I didn't stay long at my mother's this
morning. She had called in a panic because she was going to have to
wear her underwear for a second day. I told her I had all her clean
laundry and was bringing it to her this morning.
On the way to her apartment, I passed Elise's
apartment. Elise is 98 and doubled over from that old age hump that I
am in the process of getting. Her door was open and I could see she
was sorting her laundry, getting ready to take it a few steps to the washing
machine to wash it.
My mother was delighted to see me and
apologized over and over again for making me do her washing, but she just
didn't want to wear dirty underwear. I told her if she got desperate
she could walk a few steps to the washing machine and do the washing
herself...or I could get the crippled 98 year old to show her how to do it.
She pretended she had not heard me.
I'm afraid my 3+ weeks at Mallard Point did
bad things to me. Many of the people there seem to be in worse
physical condition than those at Atria, yet you met all of them, sooner or
later, washing their clothes.
My mother is 95, physically in better shape
than I am, and does nothing all day long. It's not that I mind
doing things for her, but I am starting to get angry for doing her laundry
when she could do it easily herself.
Later, we were talking about something and I
mentioned the rain yesterday. She was surprised. It rained
yesterday?
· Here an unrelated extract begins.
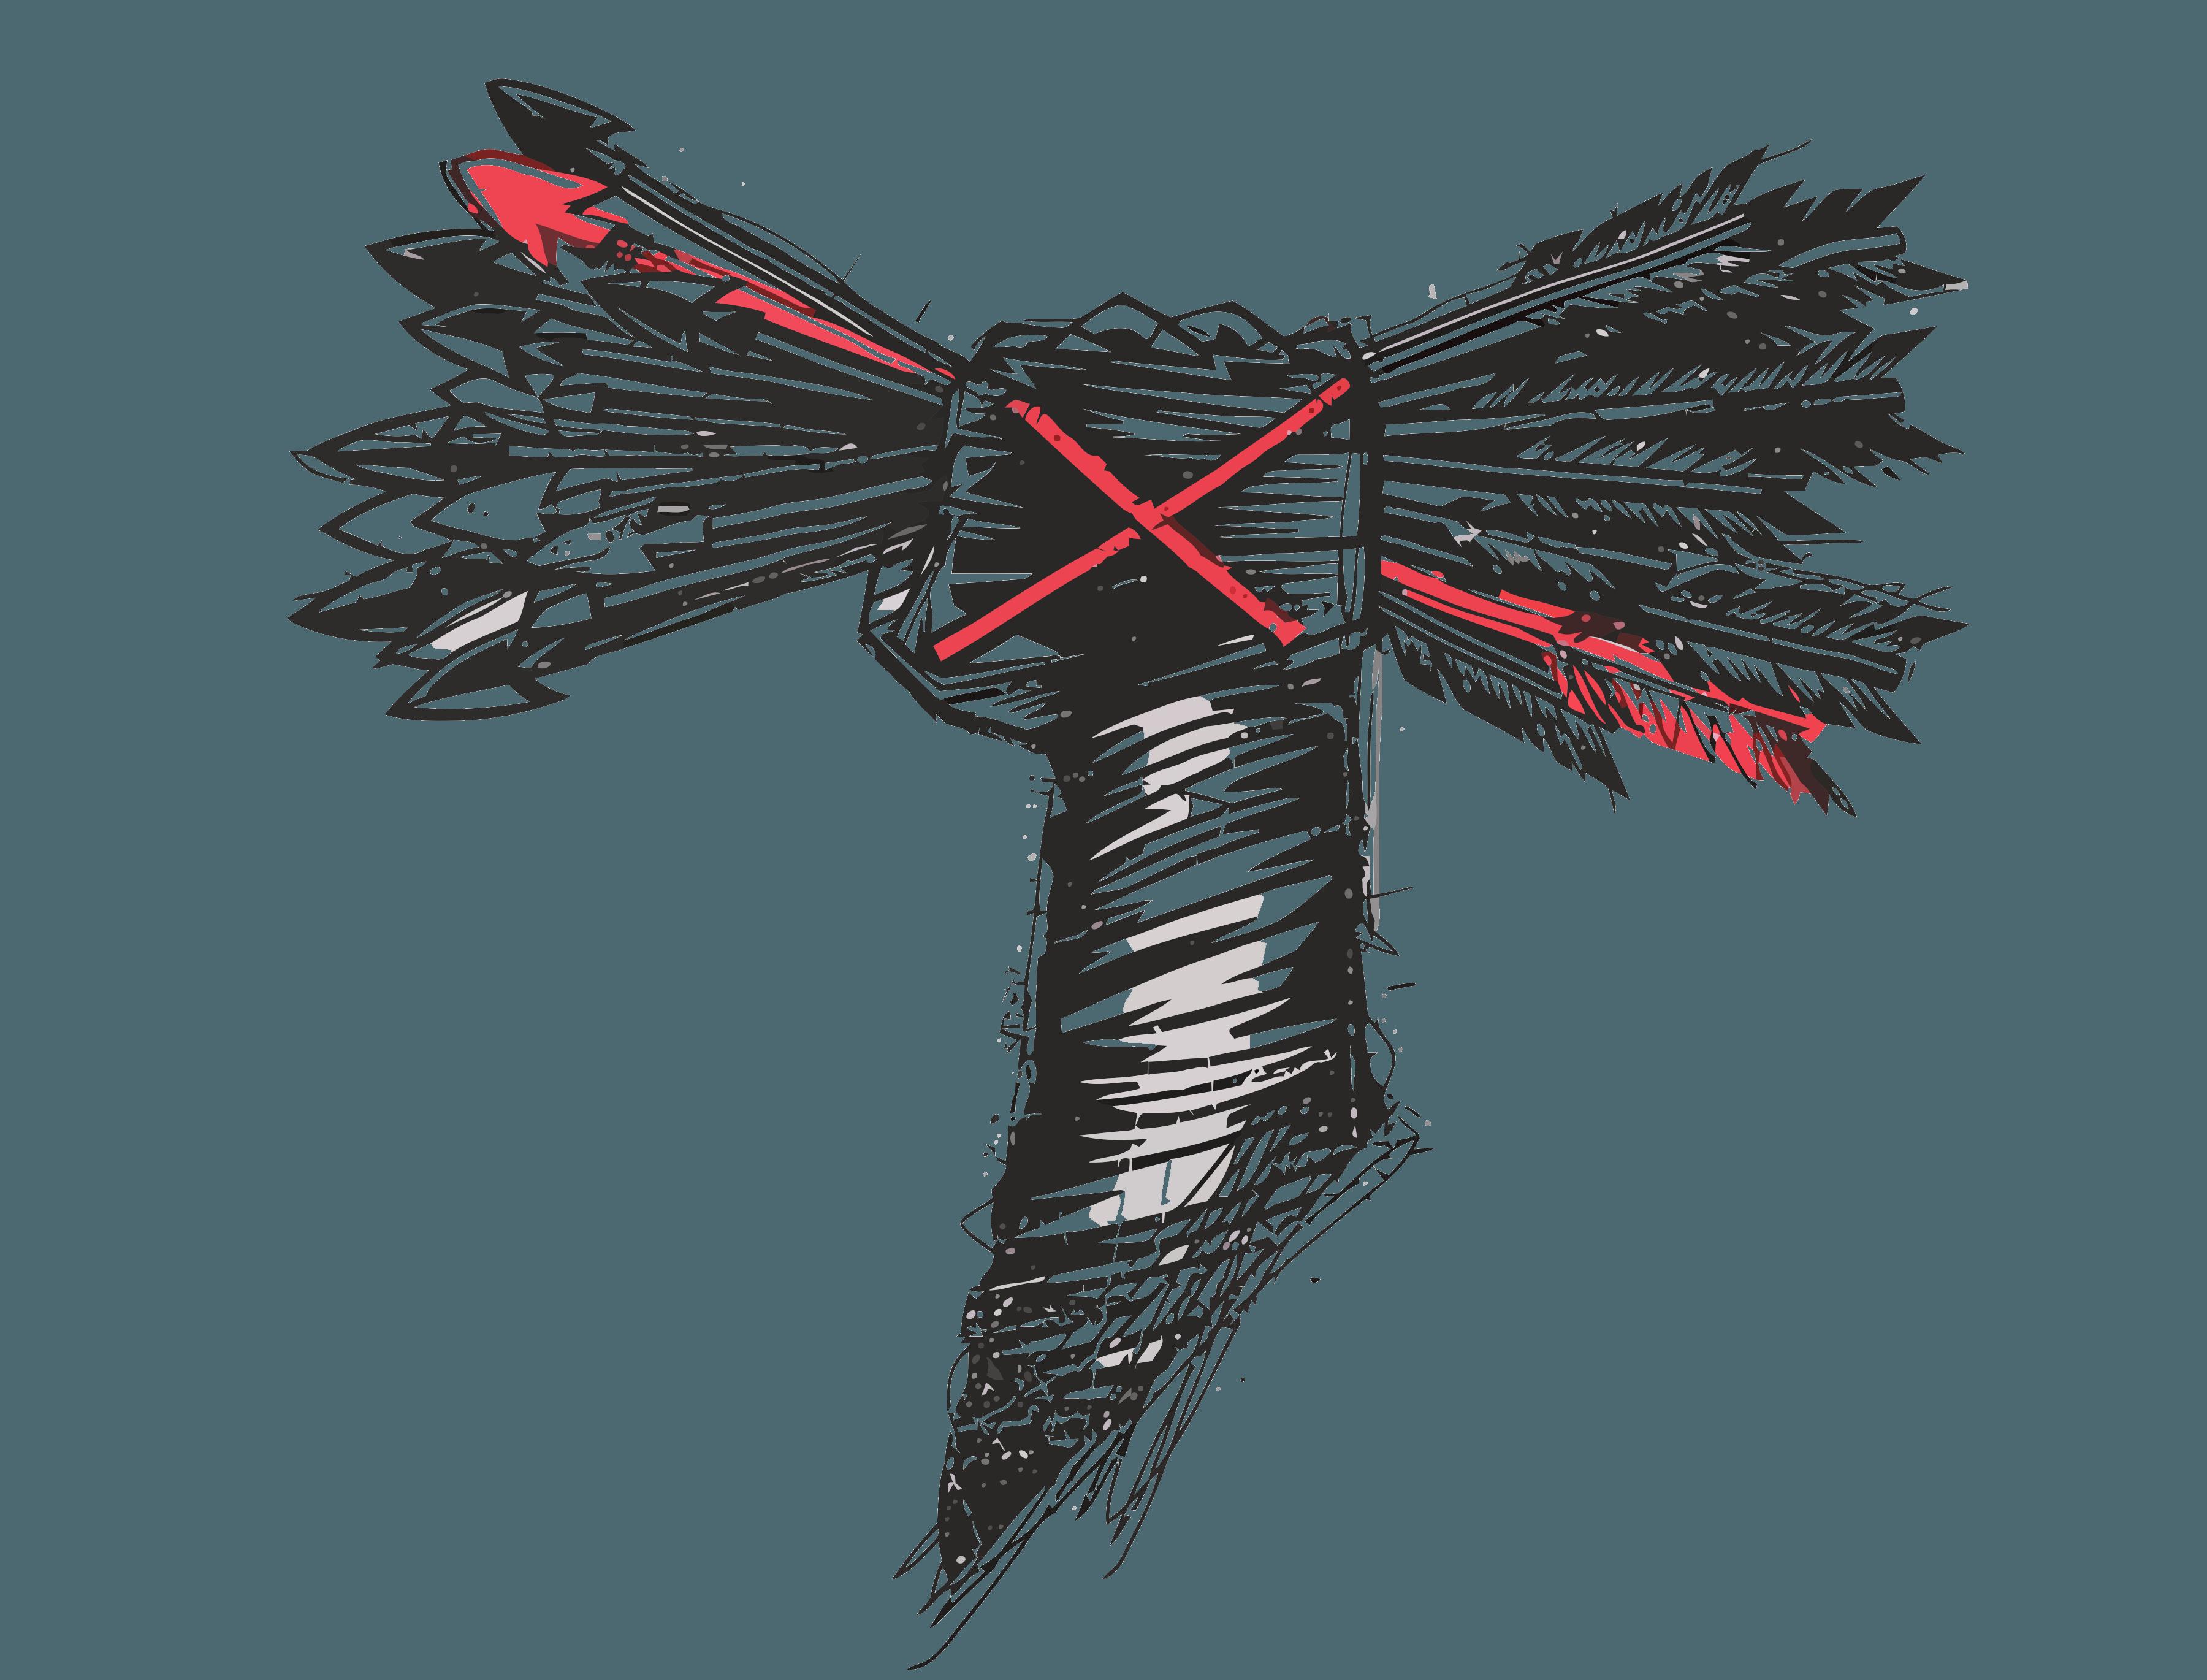 Cm punk logo wallpapers 2016 wallpaper cave - Cm punk logo images ...

She knew nothing about it.
She sits in a chair all day long
staring out a window, she says she watches the news, and the stormageddon
has been banner headlines in the paper she reads "cover to cover" every day,
but she had no idea it had rained all. day. yesterday.
I know that's her dementia, but washing her
clothes isn't necessarily tied to her dementia. I am angry with myself
that I am starting to be mad at her for her refusal to take responsibility
for anything in her life.
I pointed out to her that she really needed a
haircut. She got that coy smile she uses when you know she isn't going
to do anything and she said "I'm thinking about it." I told her she
looked terrible, like the Wicked Witch of the West.
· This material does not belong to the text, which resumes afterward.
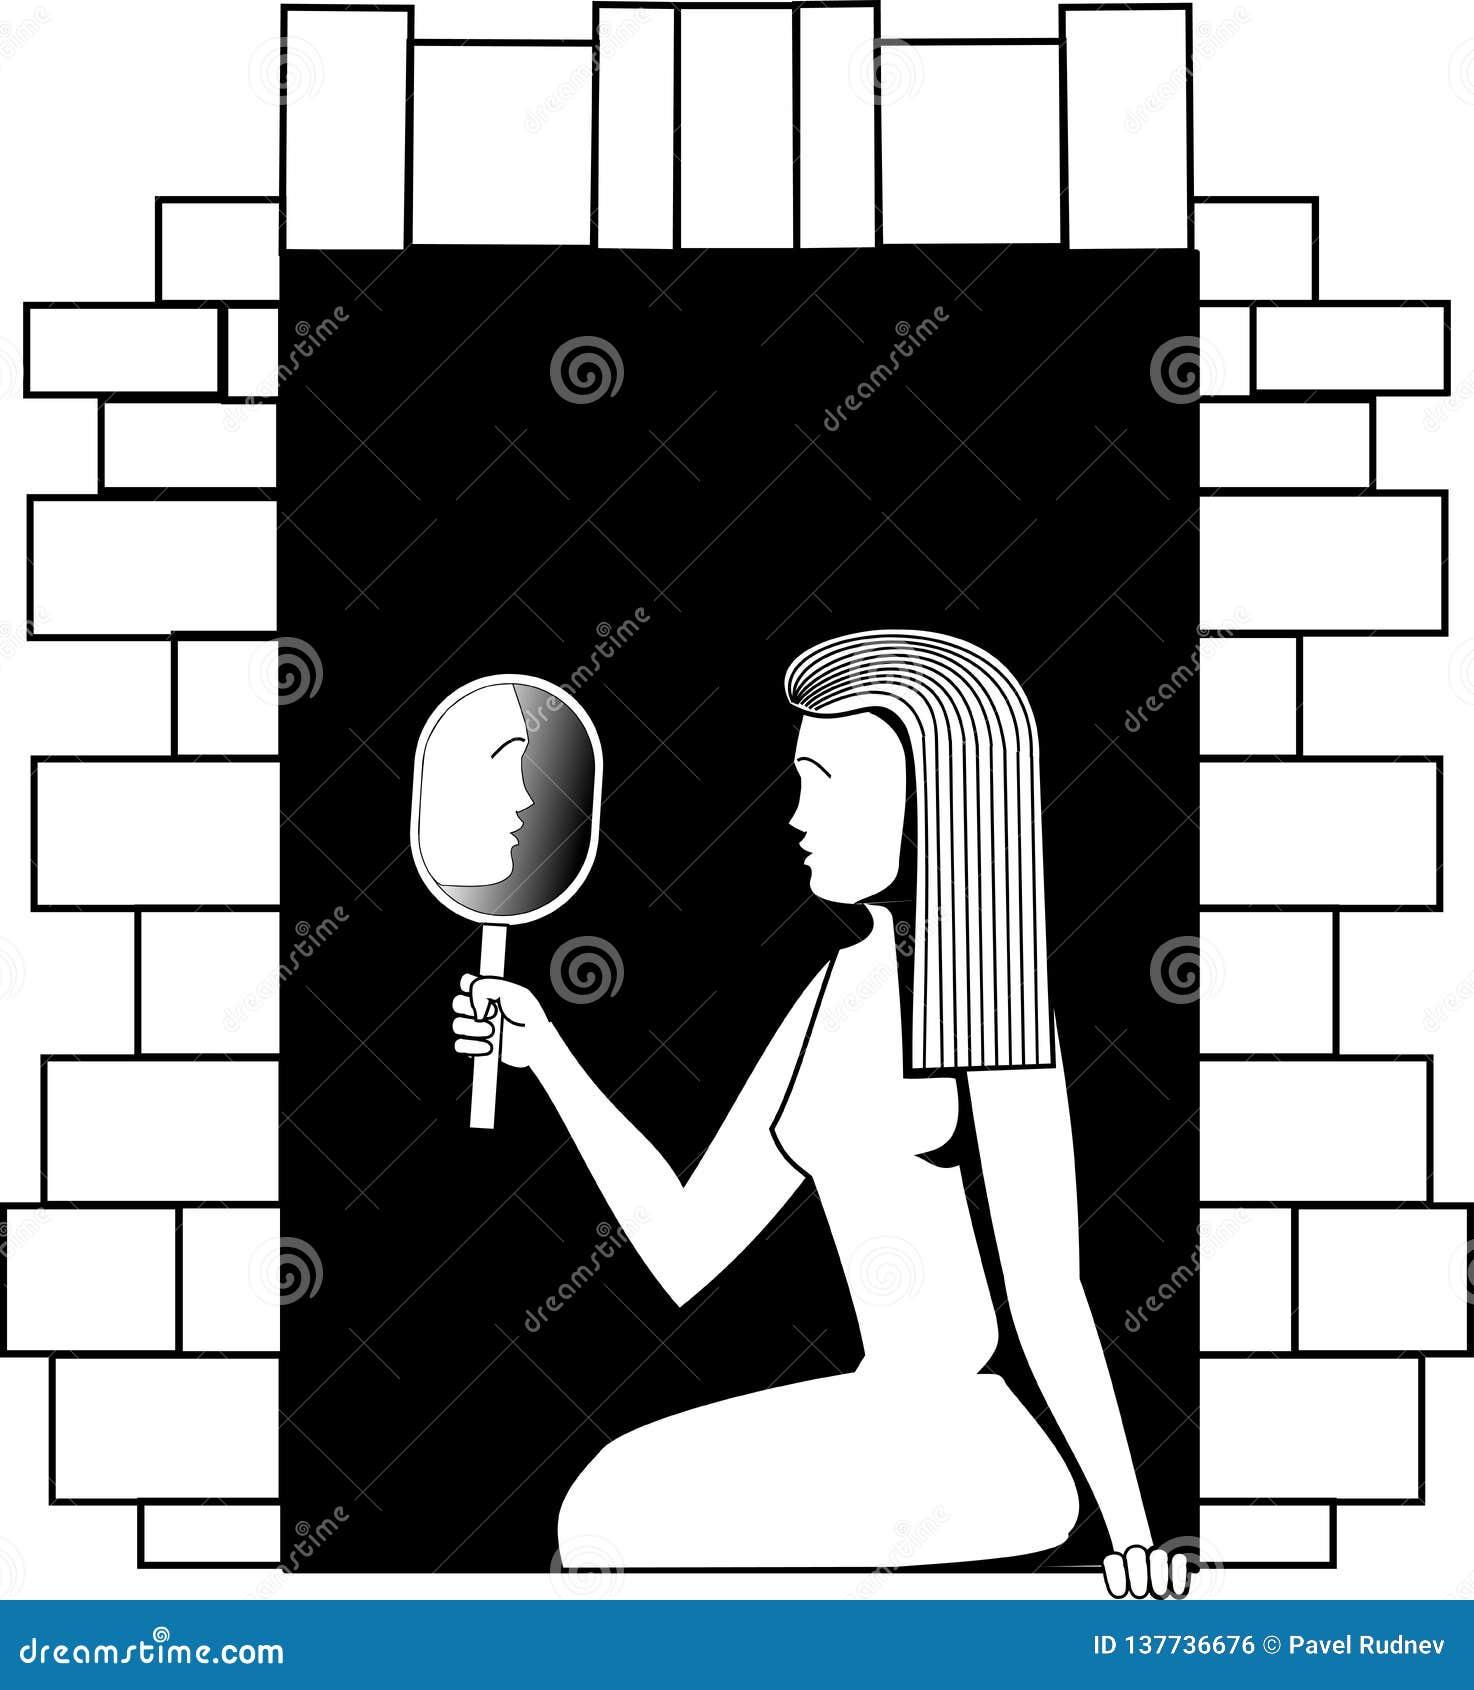 Svartvit vektorbild en flicka som sitter på ett fönster och ser i en spegel

I decided I'm not going to bug her about her
hair. I'm going to leave it to her to decide when to have it done.
This is the woman who had her hair done every week before she moved
to Davis. Who always looked like a model, with never a hair out of
place. Now it's long and stringy and fly-away. She looks like my
only memory of my great grandmother, whose appearance terrified me.
And it makes me angry that she doesn't care.
If I make a big deal out of it she will just
sign and say "you know...when you're pushing hunnert...." and use that as
her excuse for doing NOTHING.
My appointment with a therapist is on Monday
and believe me it can't come soon enough. I have to reach mental peace with
my mother or our last years together are going to be terrible. I need
a place to get out all the anger and frustration I feel about her in a safe
environment and learn coping skills.
I thought I had them and though I got
frustrated with her, things were more or less OK until I went to Iowa.
But seeing all those old people caring for themselves made me look at my
mother in a different light and I don't like the light I'm seeing her in.
I need help if I'm to get through her last
years without ruining our 71 year relationship.
In other news, I took my desktop computer to
my guru, who did NOT make me feel like an idiot (yet), but he did talk to me
about something called "virtual computer," which would make it possible for
me to get a newer computer and still run the programs I rely on which aren't
compatible with the newer operating systems.